# Fish (animal / flesh)



## Dymn

Hi,

In Spanish, there's a difference between _pez _(the animal) and _pescado _(the flesh coming from the animal). So _voy a comprar un pez _could mean "I'm going to buy a fish - as a pet", while _voy a comprar pescado _means that you're going to buy fish to eat it. Obviously, they share the same root, _pescado _means "fished" (_pescar_: "to fish").

How about your language?

In Catalan we use _peix _for both, and as far as I know there's no difference either in English.


----------



## DaylightDelight

Japanese:
We don't generally distinguish the animal and the flesh.  We say <animal>-flesh if necessary, but we even omit that if the context is clear enough.
- Watashi wa *sakana* wo taberu. = I eat fish.
- Watashi wa *sakana* wo katteiru. = I keep a fish as a pet.

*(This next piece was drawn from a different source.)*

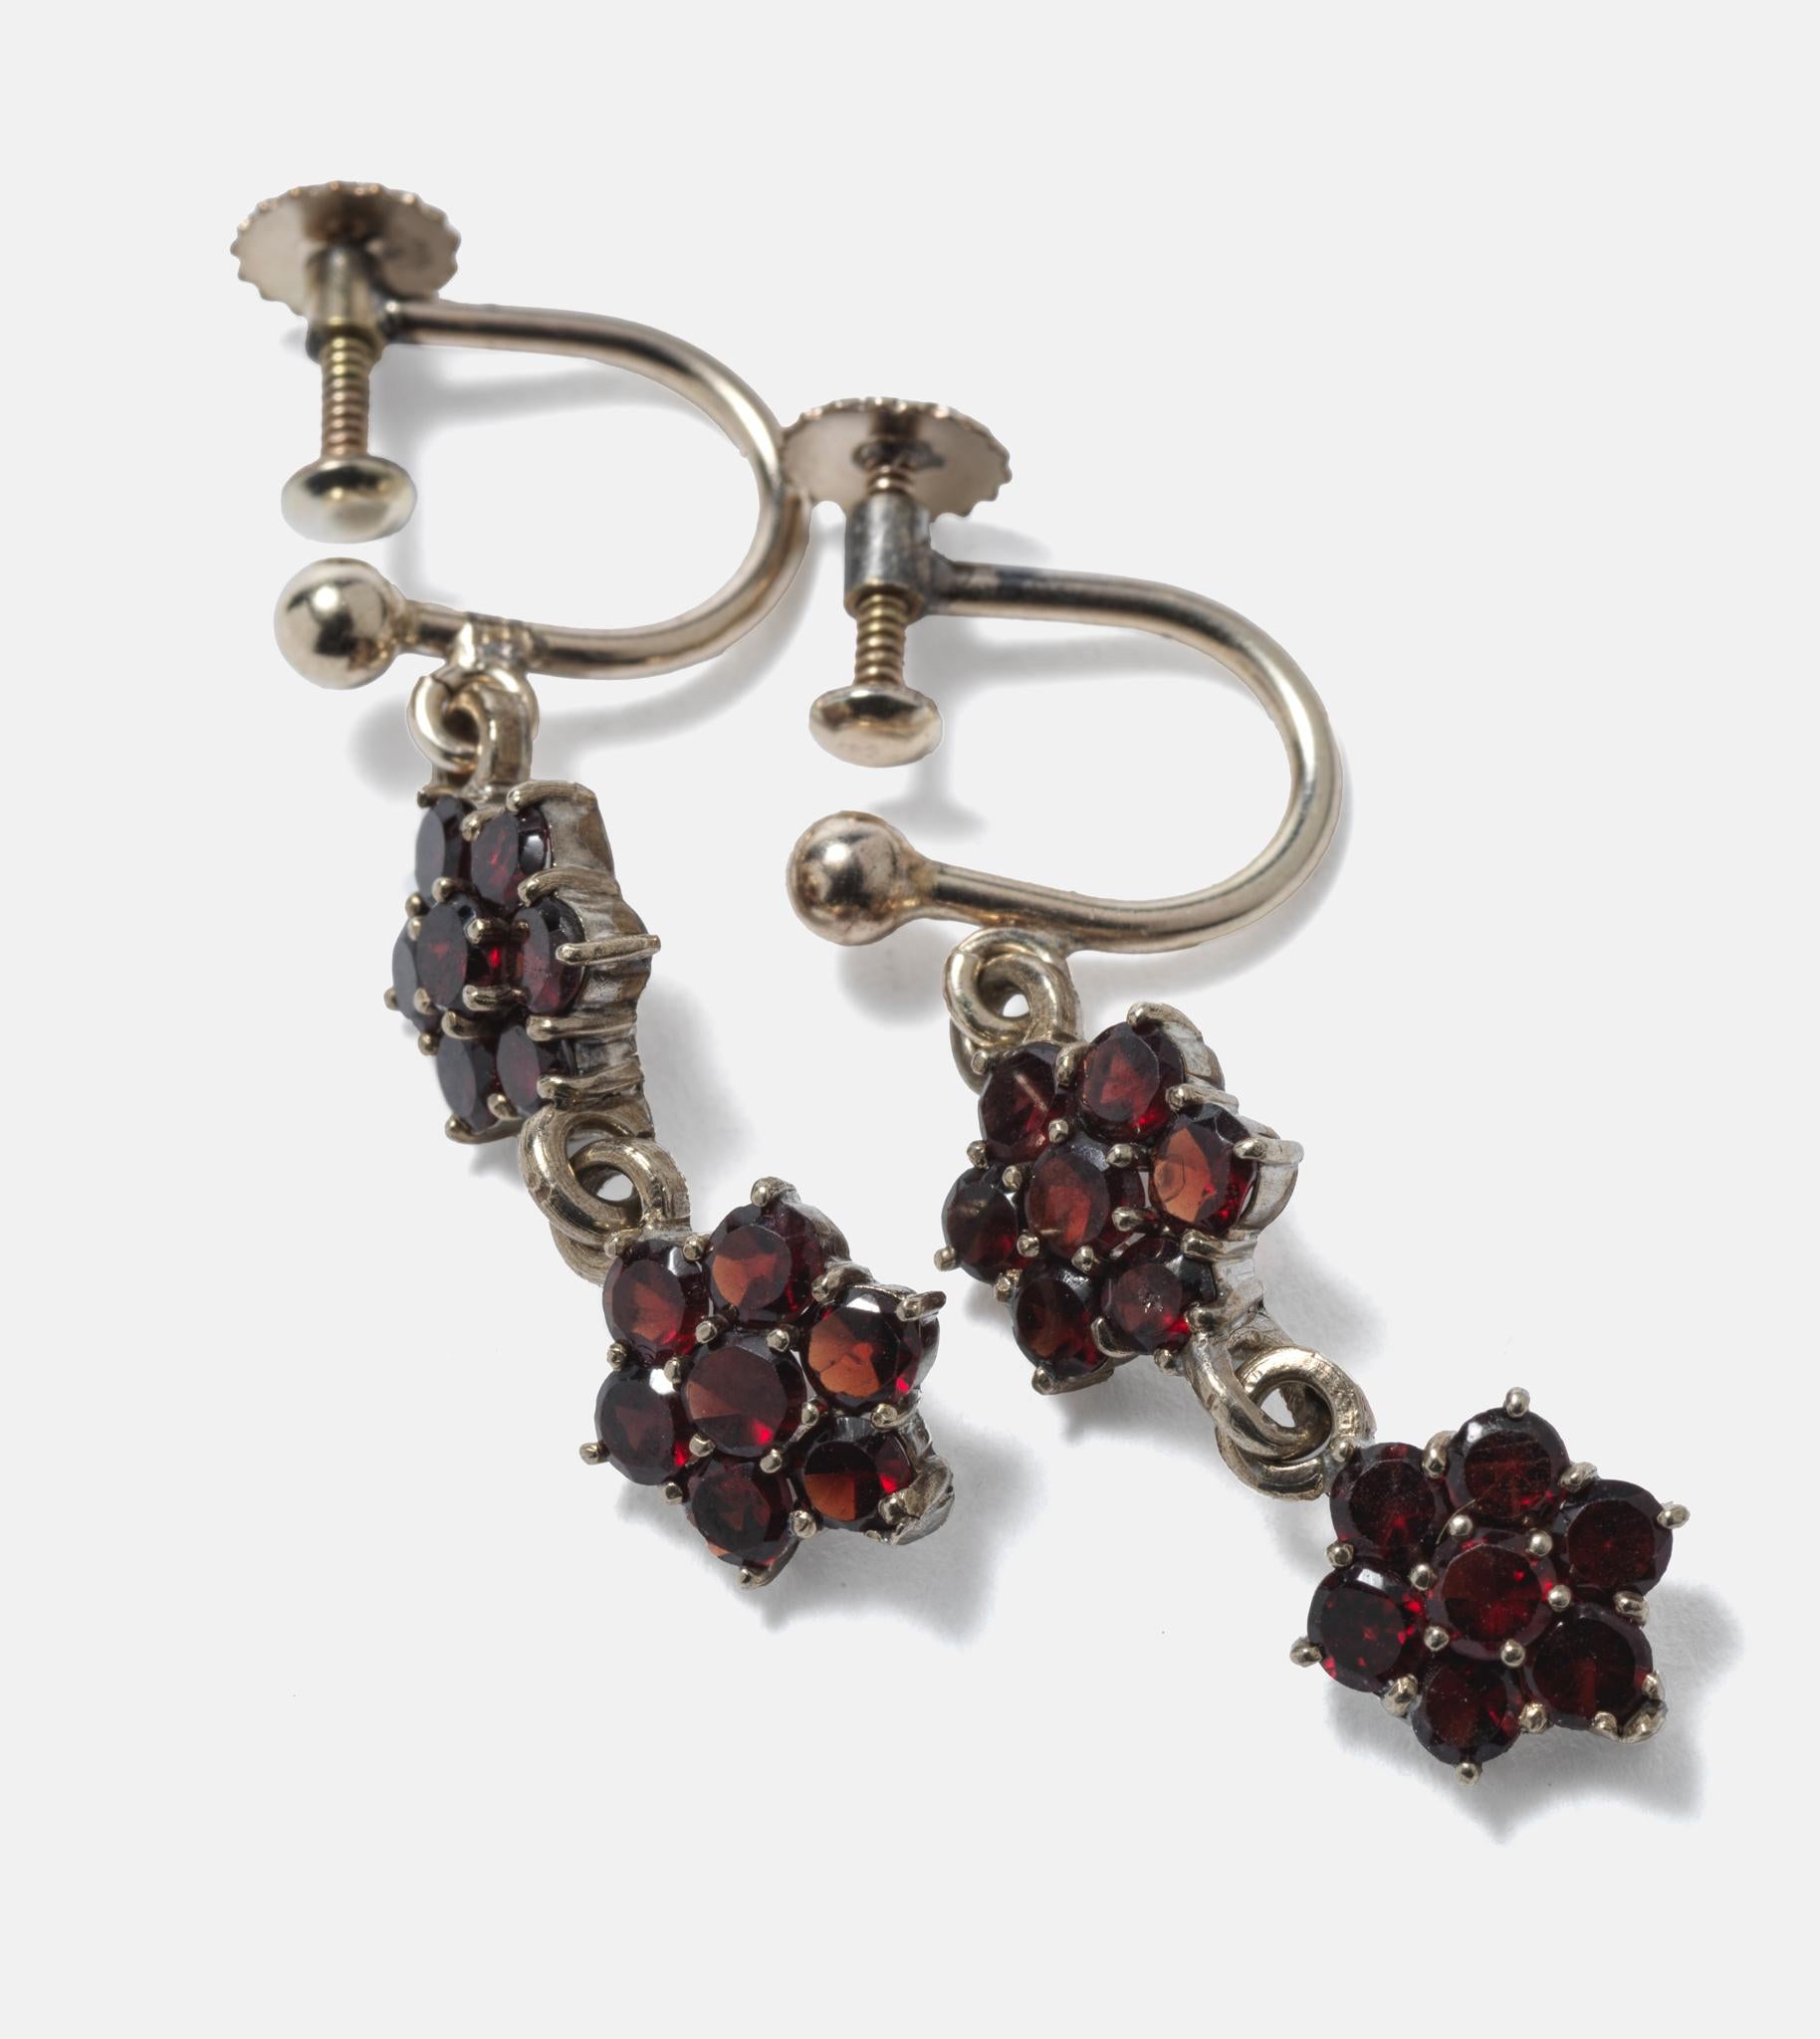 Antique pair of earrings. Silver and garnets. For Sale 1

The same goes with most edible animals: cow, pig, chicken, deer, sheep, etc.


----------



## apmoy70

Classical Greek did distinguish between the animal and its flesh (as a dish):

Animal: 3rd declension masc. noun *«ἰχθῡ́ς» ĭkʰtʰū́s* (nom. sing.), *«ἰχθύος» ĭkʰtʰúŏs* (gen. sing.) --> _fish_ (PIE *dǵʰuH- _fish_ cf Arm. ձուկ (juk), Latv. zivs, Lith. žuvis).
Flesh: Neuter noun *«ὄψον» óp͡sŏn* --> lit. _side-dish_, especially _meat_, but in Athens and other places, _fish_ > Koine neut. diminutive *«ὀψάριον» ŏp͡sắriŏn* --> _fish side-dish _(PIE *h₁op-s- _nominalised adverb, thematised from_ *«*ὄψ-» *óp͡s-* > *«ὀψέ» ŏp͡sé*).
The «ὄψον» was a supplementary dish, which was always eaten on top of e.g. grain or bread. The Koine diminutive «ὀψάριον» described mostly pickled fish enjoyed as a delicacy.
E.g:
(A) *«Οἱ ἰχθύες» hoi̯ ĭkʰtʰúĕs* (masc. nom. pl.) --> _The fish-market_.
(B) *«Ἔσθιον ἄρτον τε καὶ ὄψον» éstʰiŏn ắrtŏn tĕ kaì̯ óp͡sŏn* --> _I ate bread and (one) fish_.

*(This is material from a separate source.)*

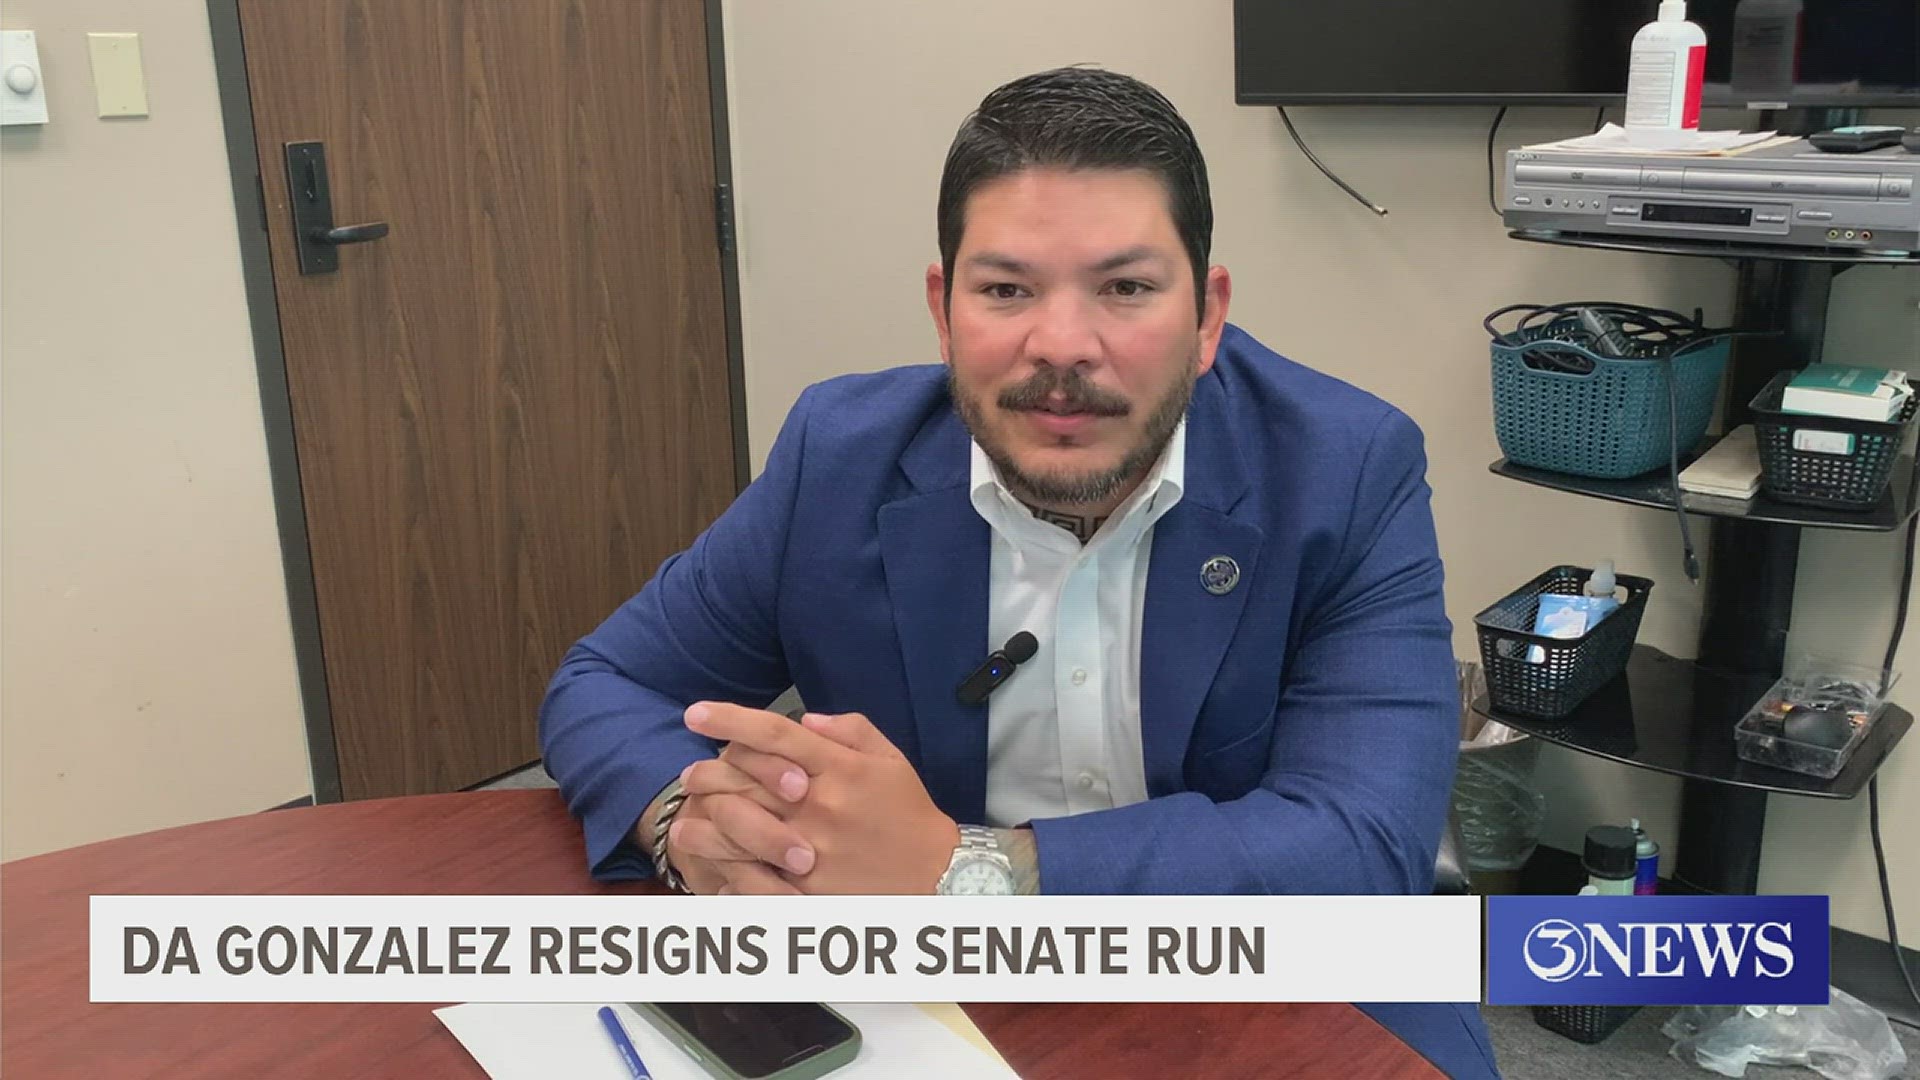 Nueces County District Attorney Mark Gonzalez confirmed his resignation to 3NEWS Tuesday morning.

In Modern Greek the two have converged into one word for both the animal and its flesh:

Neuter noun *«ψάρι»* [ˈp͡saɾi] (nom. sing.), *«ψάρια»* [ˈp͡saɾ͡ʝa] (nom. pl.) --> _fish, fishes_, aphetic of Byz.Gr. neut. diminutive *«ὀψάριον» op͡sárion*.
Ε.g:
(A) *«Η ψαραγορά»* [i p͡saɾaɣoˈɾa] (fem. nom. sing.) --> _The fish-market_.
(B) *«Χθες έφαγα ψάρι»* [xθes ˈefaɣa p͡saɾi] --> _I ate fish yesterday_.


----------



## Encolpius

DaylightDelight said:


> Japanese:
> We don't generally distinguish the animal and the flesh.  We say <animal>-flesh if necessary, but we even omit that if the context is clear enough.
> - Watashi wa *sakana* wo taberu. = I eat fish.
> - Watashi wa *sakana* wo katteiru. = I keep a fish as a pet.
> 
> The same goes with most edible animals: cow, pig, chicken, deer, sheep, etc.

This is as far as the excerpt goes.